Run the SCENIC motif enrichment — tf_to_genes_motif

This function will run the motif enrichment based on RCisTarget (or in this case the internal implementation via run_cistarget()). You need to provide the expected rankings and TF annotations (for details, please see run_cistarget()). Briefly, this function will run CisTarget and add the results to the ScenicGrn object and add additionally a column "in_motif", for a given TF to gene set to say if it was part of the motifs associated with this TF (or not).

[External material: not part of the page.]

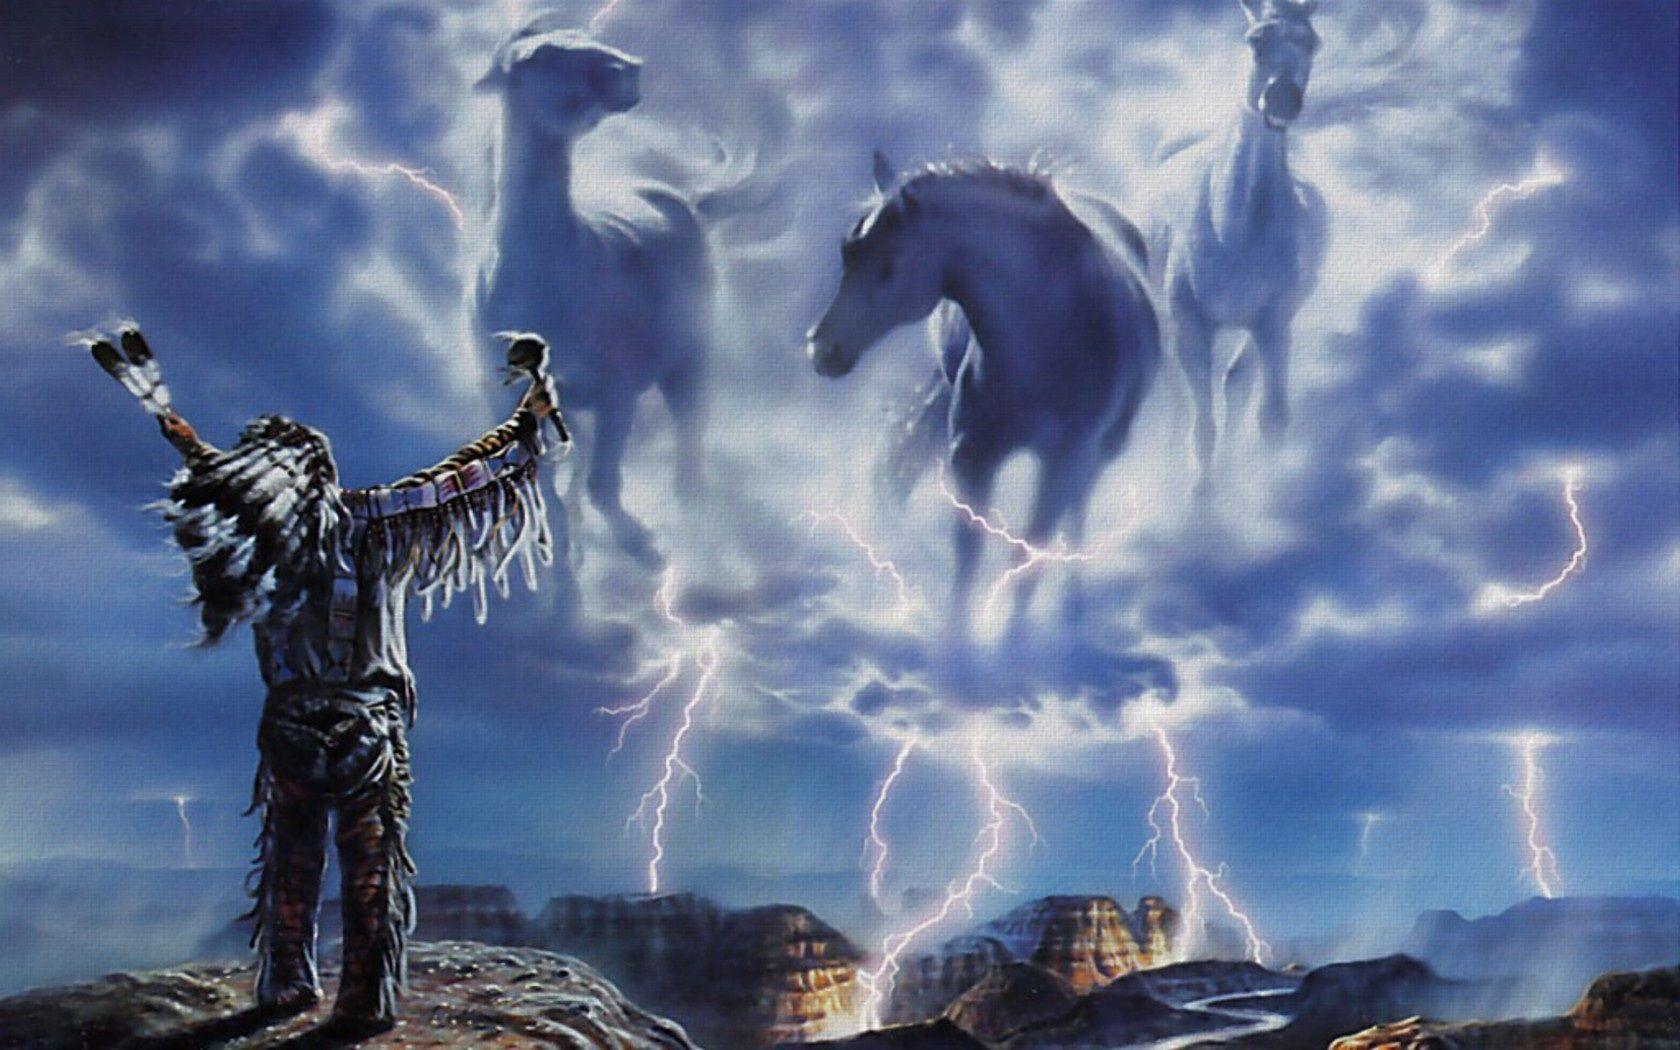 Download Wallpaper Horse Lightning - ce4a34e7d3966e3eb424c38d97812987  Image_84616.jpg

You have the option to limit this to only the the high confidence TFs (default), or also include the low confidence TFs (i.e., links from TF to motif that are less certain).

Usage

tf_to_genes_motif_enrichment(
  x,
  motif_rankings,
  annot_data,
  cis_target_params = params_cistarget(),
  gene_id_to_symbol = NULL,
  only_high_conf_tf = TRUE,
  .verbose = TRUE
)

# S3 method for class 'ScenicGrn'
tf_to_genes_motif_enrichment(
  x,
  motif_rankings,
  annot_data,
  cis_target_params = params_cistarget(),
  gene_id_to_symbol = NULL,
  only_high_conf_tf = TRUE,
  .verbose = TRUE
)

Arguments

x

ScenicGrn object for which to generate the TF to gene associations.

motif_rankings

Integer matrix. Motif rankings for genes. Row names are gene identifiers, column names are motif identifiers. Lower values indicate higher regulatory potential.

annot_data

data.table. Motif annotation database mapping motifs to transcription factors. Must contain columns: motif, TF, and annotationSource.

cis_target_params

List. Output of params_cistarget():

auc_threshold - Numeric. Proportion of genes to use for AUC threshold calculation. Default 0.05 means top 5 percent of genes.
nes_threshold - Numeric. Normalised Enrichment Score threshold for determining significant motifs. Default is 3.0.
rcc_method - Character. Recovery curve calculation method: "approx" (approximate, faster) or "icistarget" (exact, slower).
high_conf_cats - Character vector. Annotation categories considered high confidence (e.g., "directAnnotation", "inferredBy_Orthology").
low_conf_cats - Character vector. Annotation categories considered lower confidence (e.g., "inferredBy_MotifSimilarity").

gene_id_to_symbol

Named character vector. Mapping from gene identifiers used internally (e.g., Ensembl IDs) to the identifiers used in the motif rankings (e.g., HGNC symbols). Names are internal IDs, values are ranking IDs. If NULL (default), no mapping is applied and the internal IDs are assumed to match the ranking rownames.

only_high_conf_tf

Boolean. Shall only the high confidence TF to motif association be used. Defaults to TRUE.

.verbose

Boolean. Controls verbosity of the function.

Value

Adds a data.table with the first tf to gene results to the class.